Extracting a restricted list of features which still provide a high prediction performance (i.e., a molecular signature) is critical for biomarker validation and clinical diagnostic. Several strategies have been described for feature selection [92,93] (e.g., wrapper approaches such as Recursive Feature Elimination, Genetic Algorithms, or sparse models such as Lasso, Elastic Net, or sparse PLS). Such techniques are implemented in R packages, which also provide detailed comparisons on real datasets in terms of the stability and the size of the selected signature, the prediction performance of the final model, and the computation time [94–97].

A great number of packages is available to perform statistics on metabolomics datasets. Some of them focus on performing a number of specific tasks, such as sample size estimation, batch normalization, exploratory data analysis, univariate hypothesis testing, multivariate modeling and Omics data integration. Others, listed in the section ‘Multi workflow steps’ in Table 9, adopt a more comprehensive approach, providing statistics toolbox that cover different methods and functionalities.

muma is a package designed to be compatible with MS and NMR generated data. The package mainly focuses on performing statistics. It does not contain functions for data extraction and the user has to provide values arranged in a data.frame format. The pre-processing is limited to missing value imputation, noise filtering, variable scaling and normalization. The package also provides tools for outlier detection, univariate and multivariate analysis. Notably, the package offers a script for Statistical TOtal Correlation SpetroscopY (STOCSY) on NMR data.
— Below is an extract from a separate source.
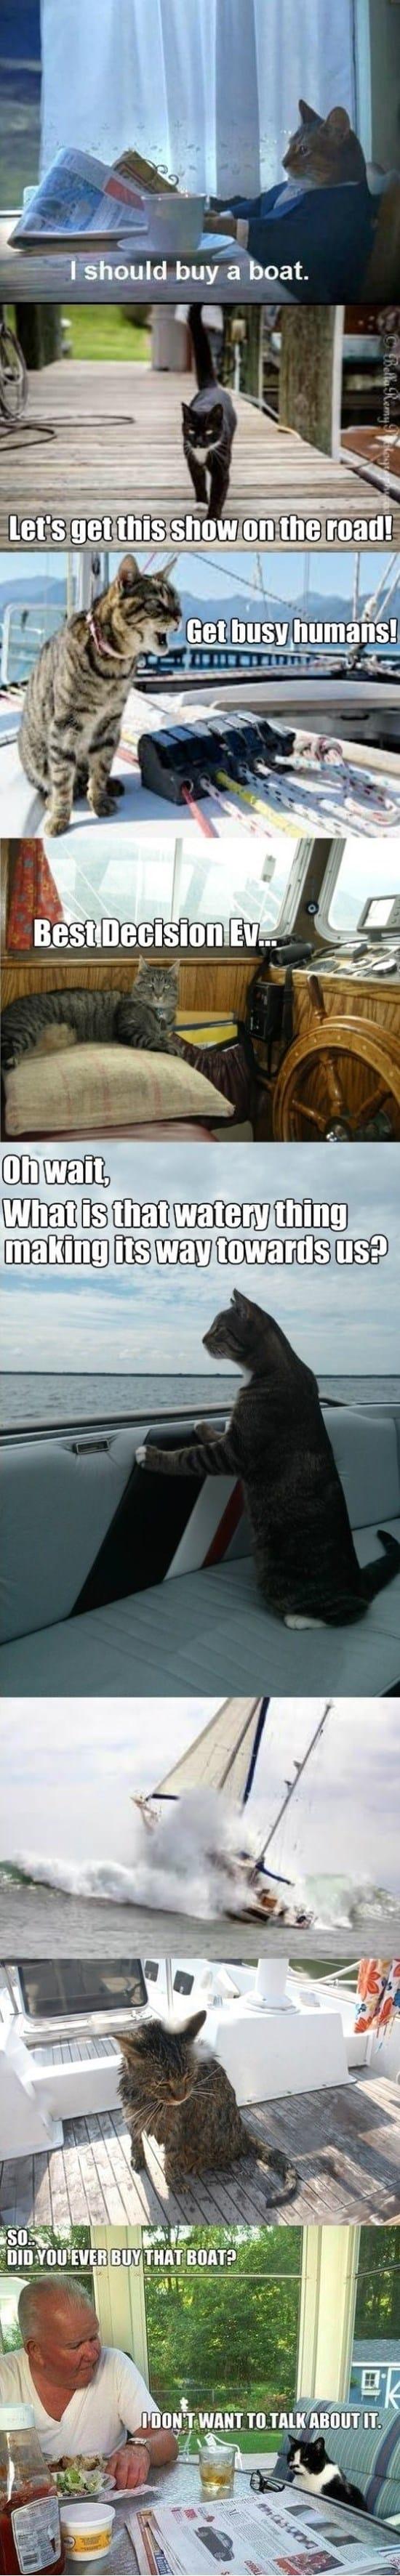 i-should-buy-a-boat
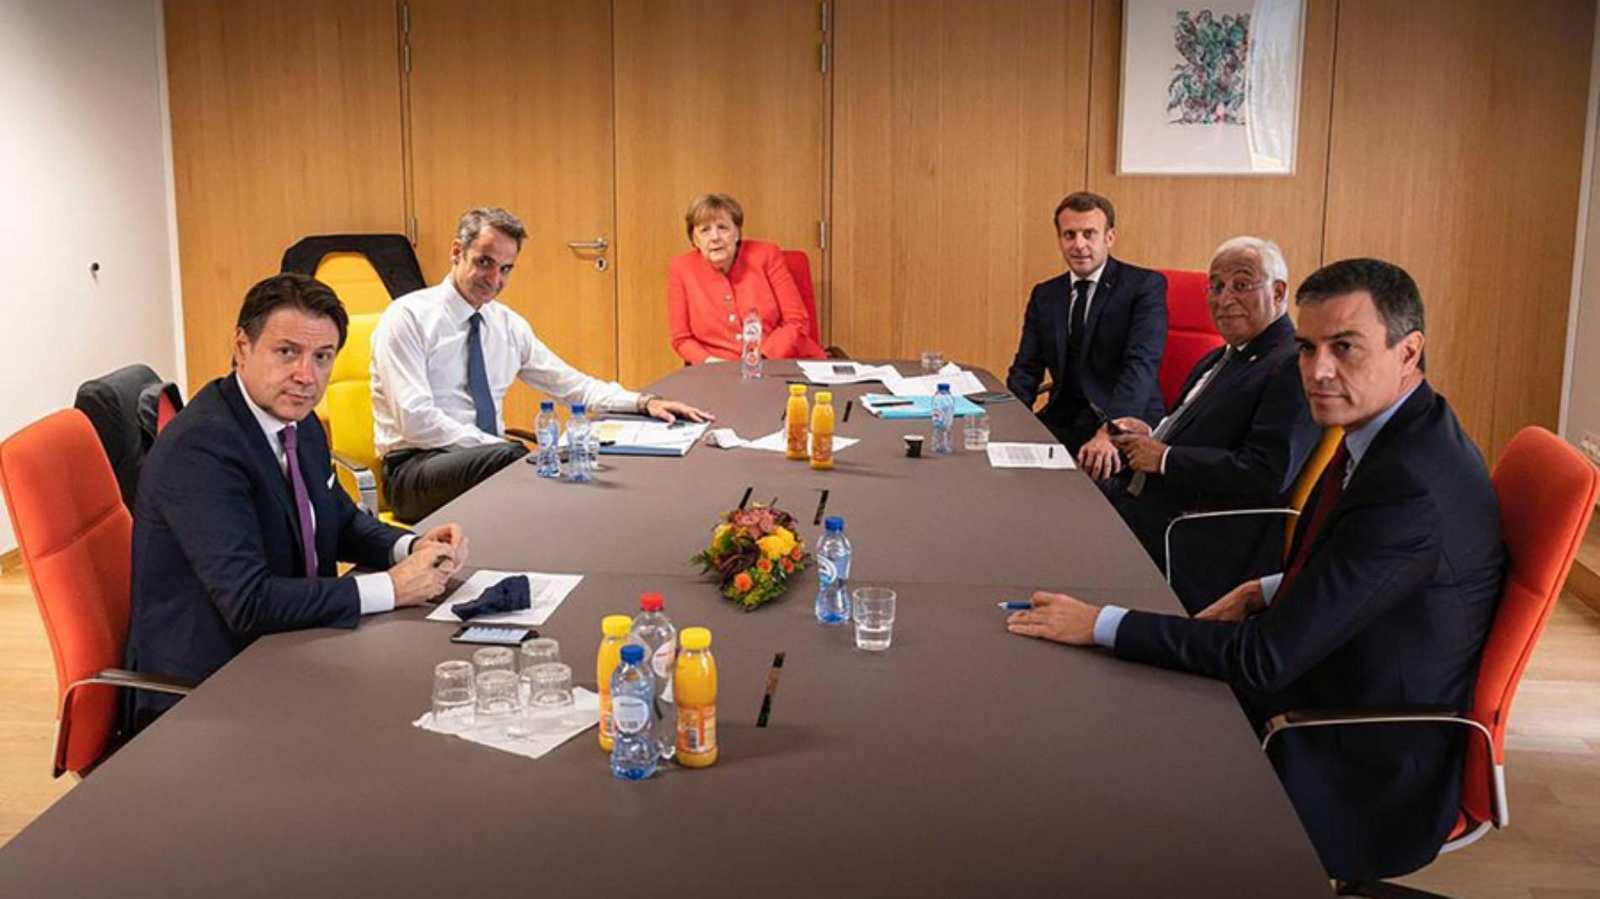 Michel lanza una nueva propuesta a los líderes europeos y asegura que el acuerdo está más cerca

MOFA proposes tools for the integration of data coming from different omics disciplines (multi-omics). Using factor analysis it allows to calculate hidden factors that capture the biological sample variation across multi-omics datasets, thus allowing marker discovery. MOFA also provide various tools for the visualization of results. IntLIM also supports integration of other omics datasets with metabolomics data by leveraging linear modeling to identify gene-metabolite pairs whose relationship differs from one phenotype to another (e.g. positive correlation in one phenotype, negative or no correlation in another). IntLIM includes a user-friendly web interface to perform data quality control of input data, identification of phenotype-dependent gene-metabolite pairs, and interactive visualization of results. This tool is particularly useful for integrating transcriptomic and metabolomic or other omics data by generating novel hypothesis in a data-driven manner.

MetaboDiff is presented as an entry level, user friendly package for differential metabolomics analysis. The information contained in the input data (metabolomics measurements and metadata) are stored in S4 objects which are used for the downstream processing. The pre-processing consists of missing value imputation, outlier removal and data normalization, while the data analysis part offers a variety of statistical methods including tools to explore how metabolites relate to each other in sub-pathways.

MetaboAnalystR is a toolbox built over several R packages and contains more than 500 functions organised in eleven modules. The package was created to overcome the limitations of the homonymous web application, such as the possibility of creating flexible customized workflows (including xcms interoperability) and the capacity of dealing with large data sets. MetaboAnalystR functionalities cover a wide range of tools: exploratory statistical analysis, biomarker analysis, power analysis, biomarker meta-analysis, functional enrichment analysis, pathway and joint pathway analysis. Through an implementation of the mummichog algorithm [98], MetaboAnalystR also allows to infer pathways for from user-generated m/z peak-lists. Using the MetaboAnalyst knowledgebase, MetaboAnalystR provides access to metabolite set libraries, compound libraries and pathway libraries.